== WHAT YOU SHOULD DO ==
Copy all data exactly. Skip pictures.

== SOURCE DATA ==
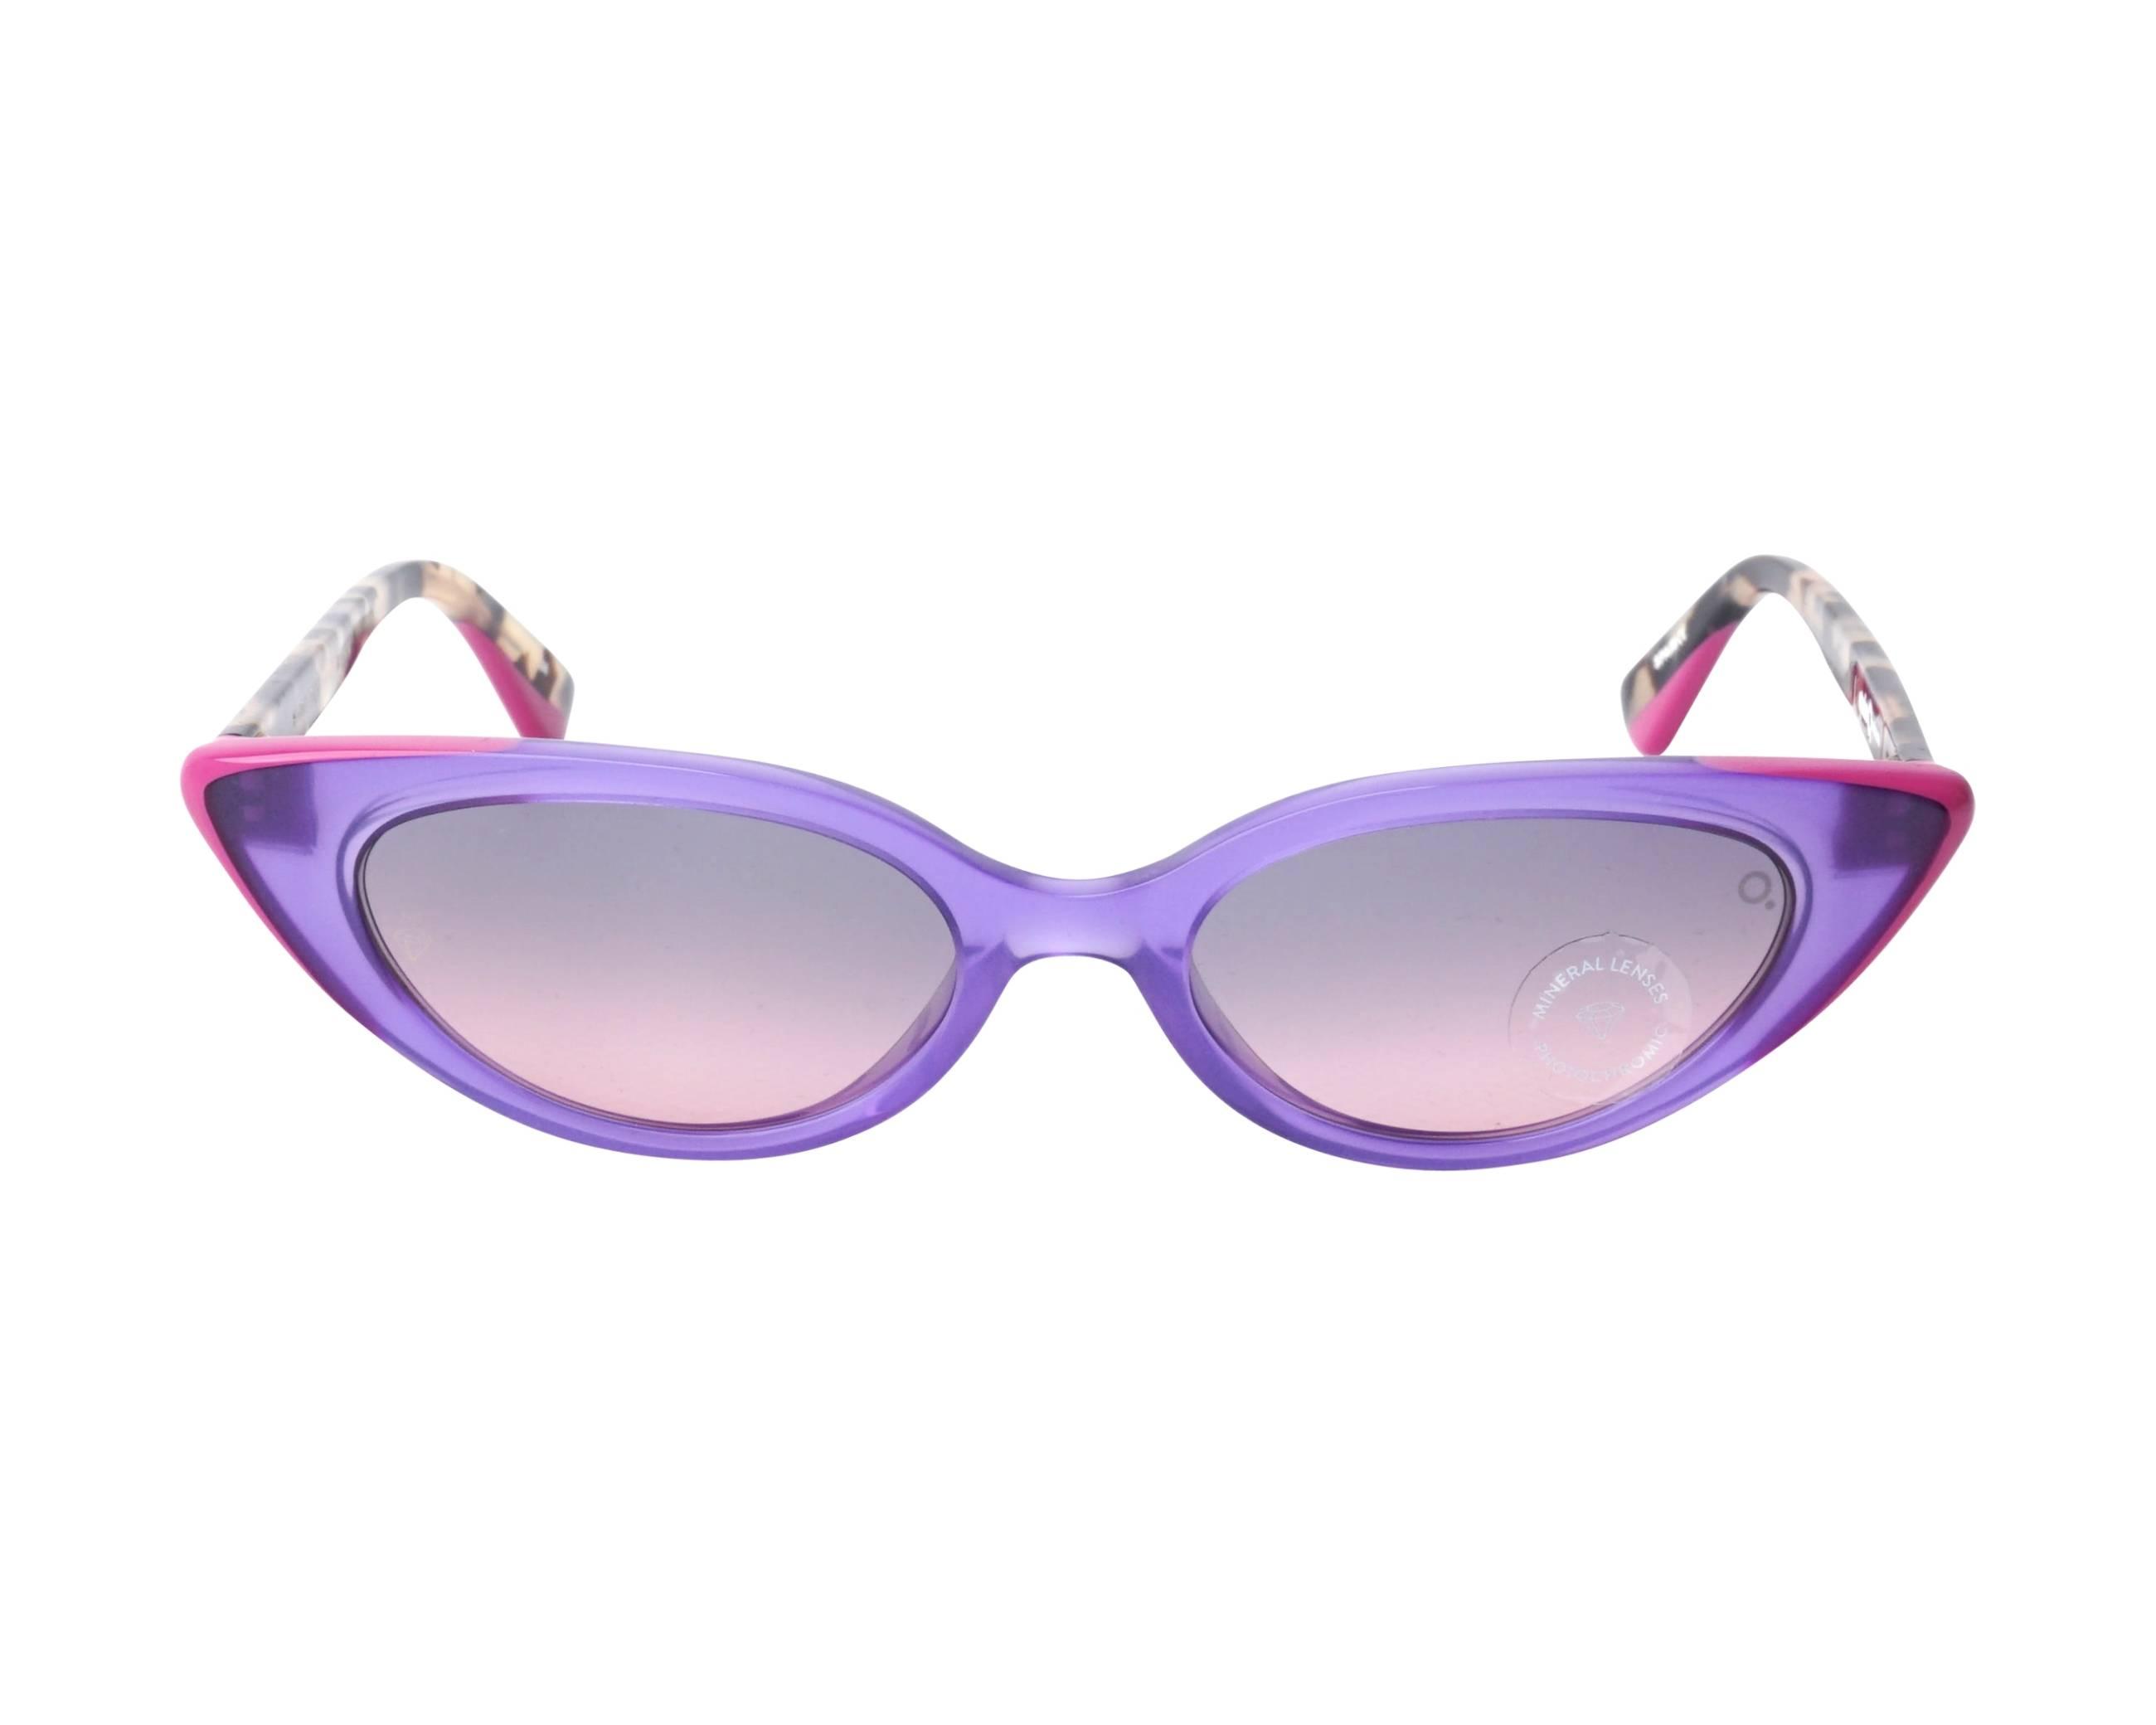 0ae9a7b551 Sunglasses Etnia Barcelona BANDAI PUHV 51-18 Violet Brown front view
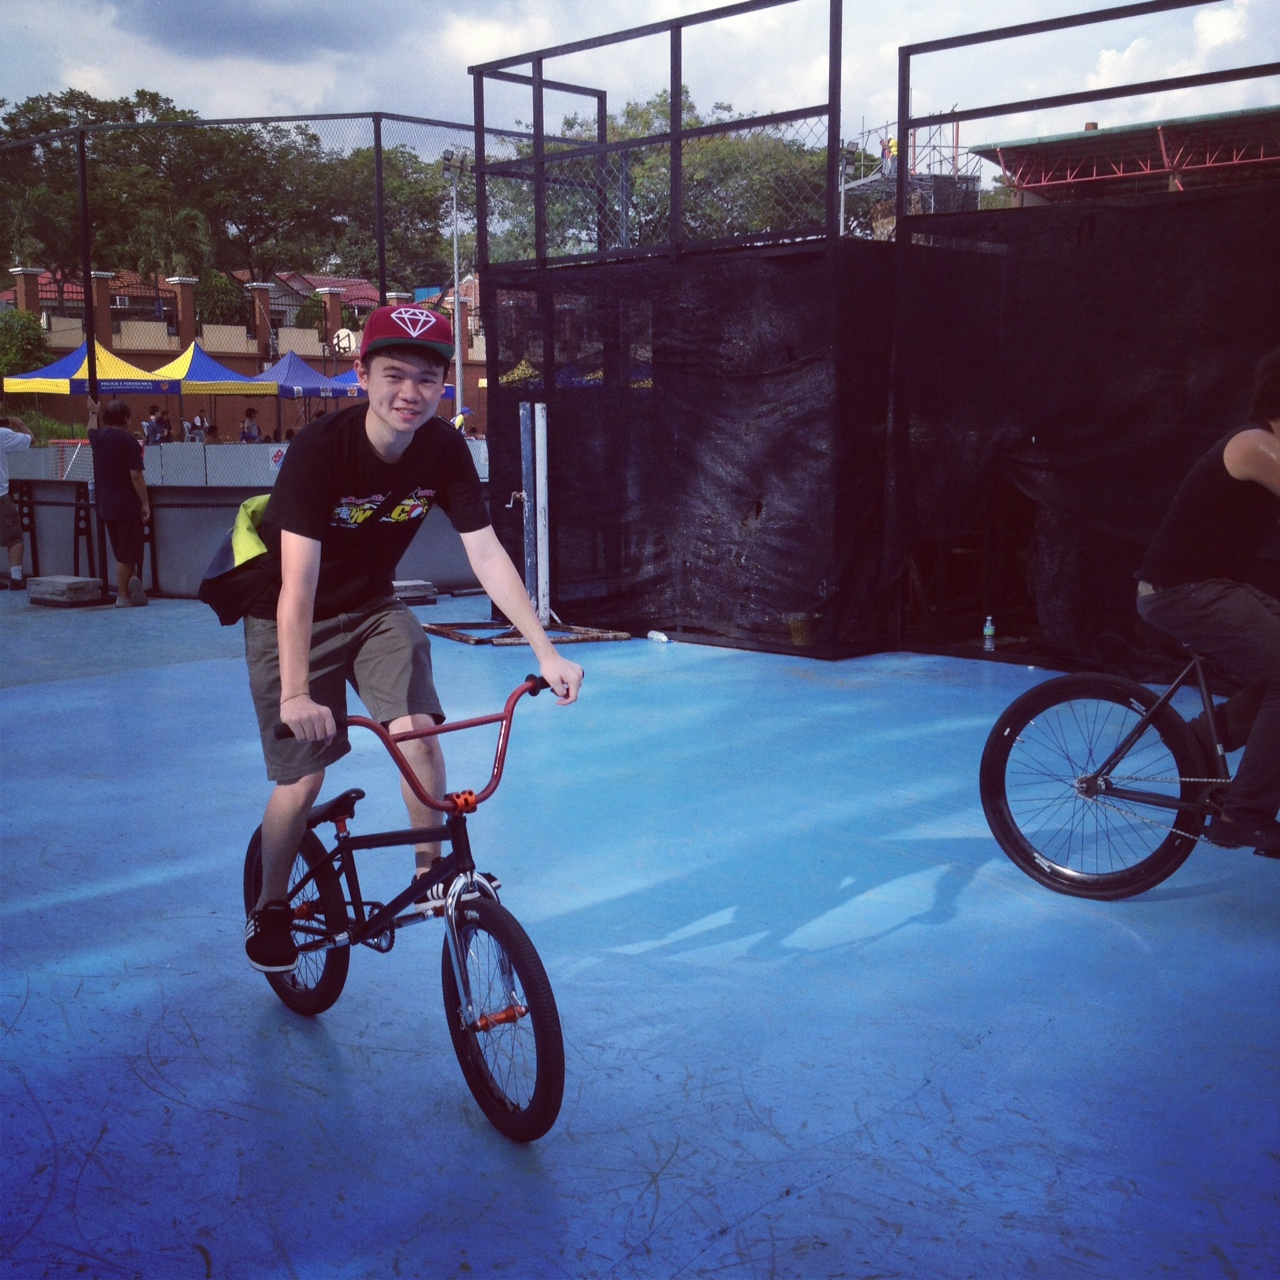 BMX AT ASSUNTA SKATE PARK
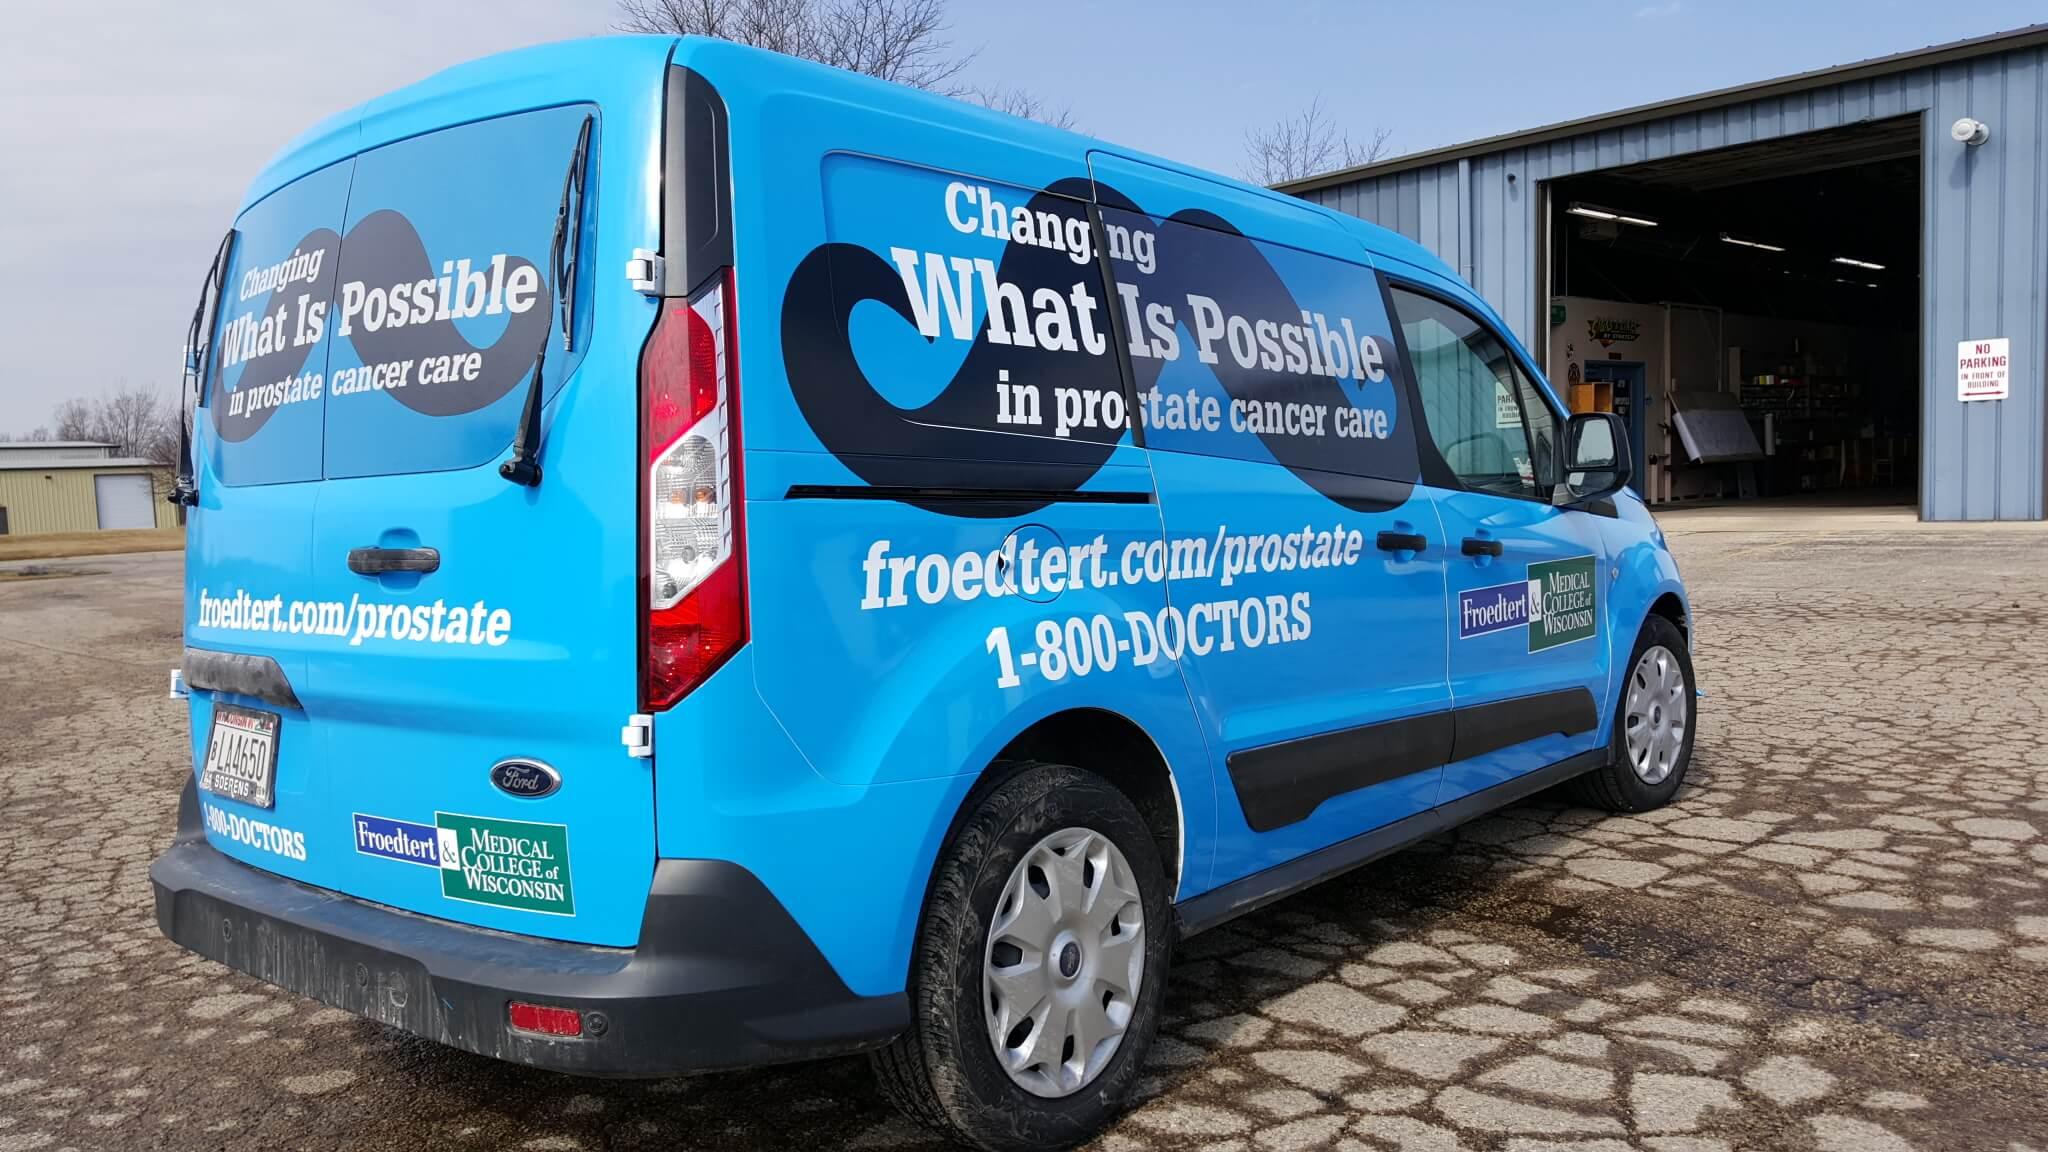 Frodert fleet vehicle wraps

== TASK SOLUTION ==
 0ae9a7b551 Sunglasses Etnia Barcelona BANDAI PUHV 51-18 Violet Brown front view
 BMX AT ASSUNTA SKATE PARK
 Frodert fleet vehicle wraps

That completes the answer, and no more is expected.